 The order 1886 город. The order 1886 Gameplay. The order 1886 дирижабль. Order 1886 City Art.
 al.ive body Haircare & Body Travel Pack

______

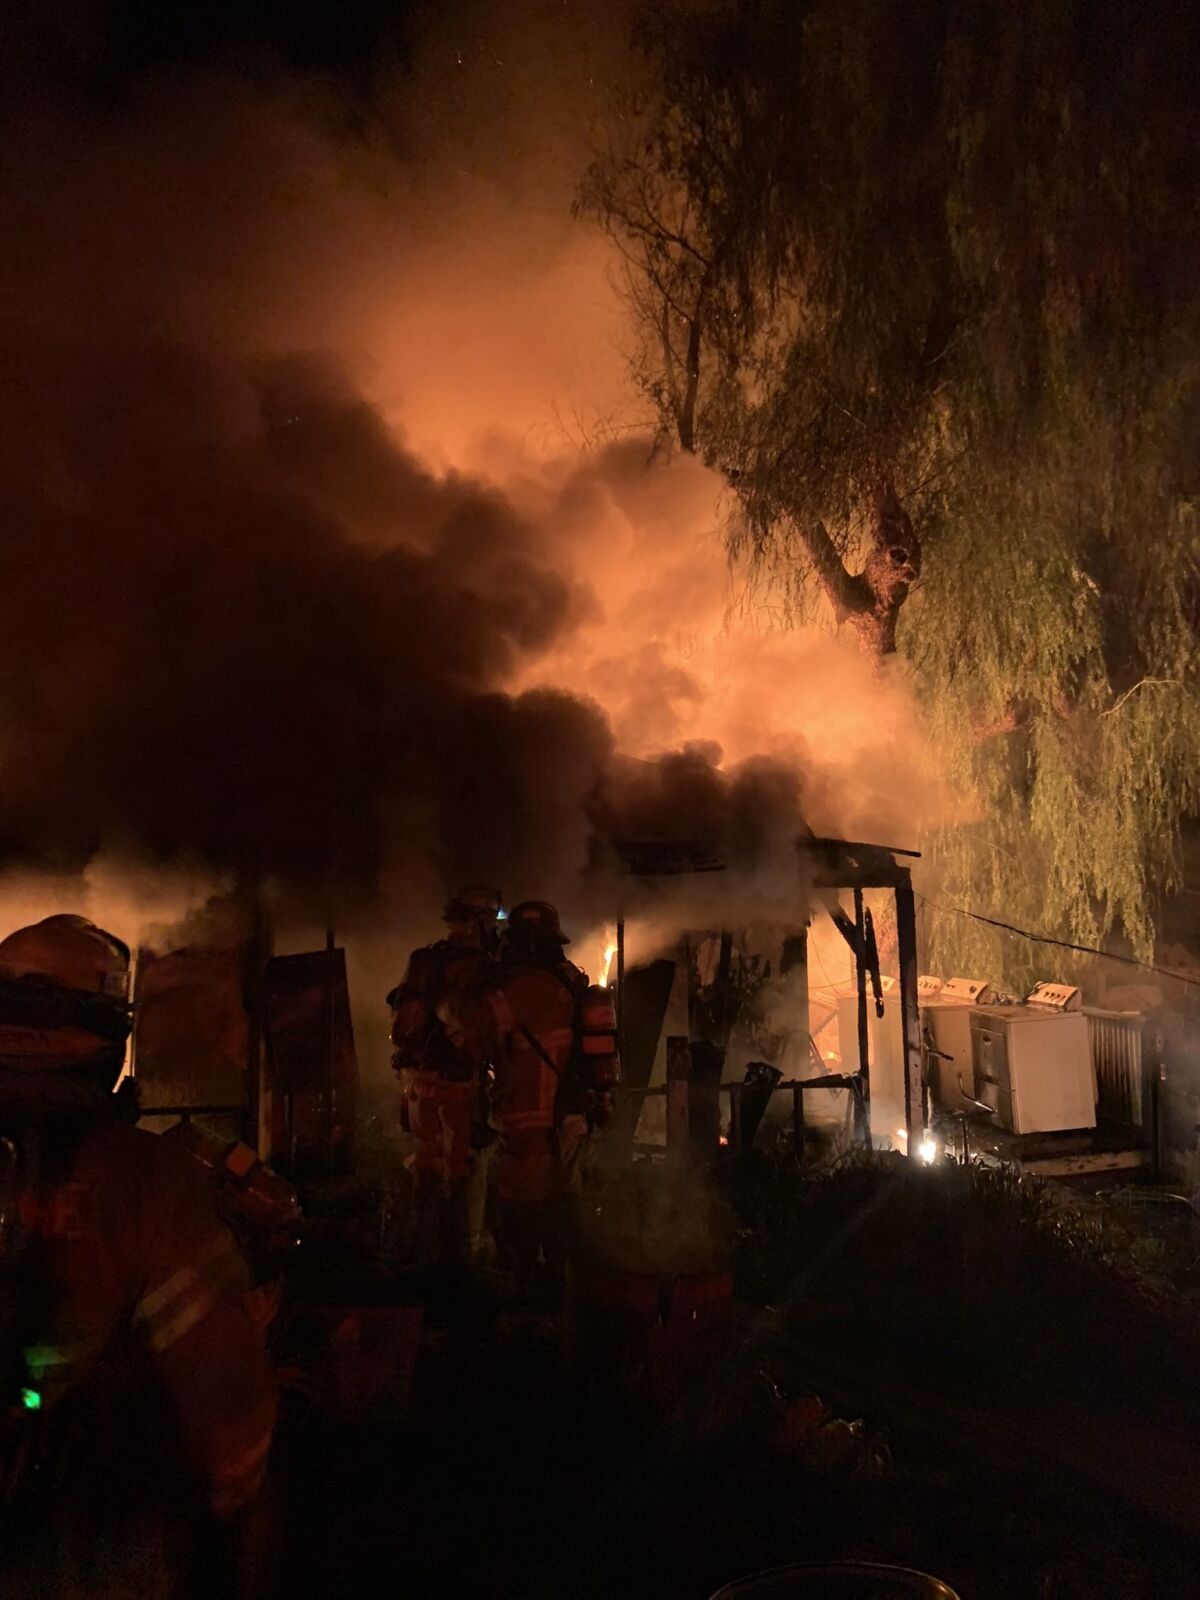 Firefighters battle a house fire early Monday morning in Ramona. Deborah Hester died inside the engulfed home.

______

DIRECTIONS FOR THIS TASK – Reprint exactly the lines above that start at the one with "The order 1886 город." and end at the one with "al.ive body Haircare & Body Travel Pack", keeping both and adding none.

EXERCISE SOLUTION –
 The order 1886 город. The order 1886 Gameplay. The order 1886 дирижабль. Order 1886 City Art.
 al.ive body Haircare & Body Travel Pack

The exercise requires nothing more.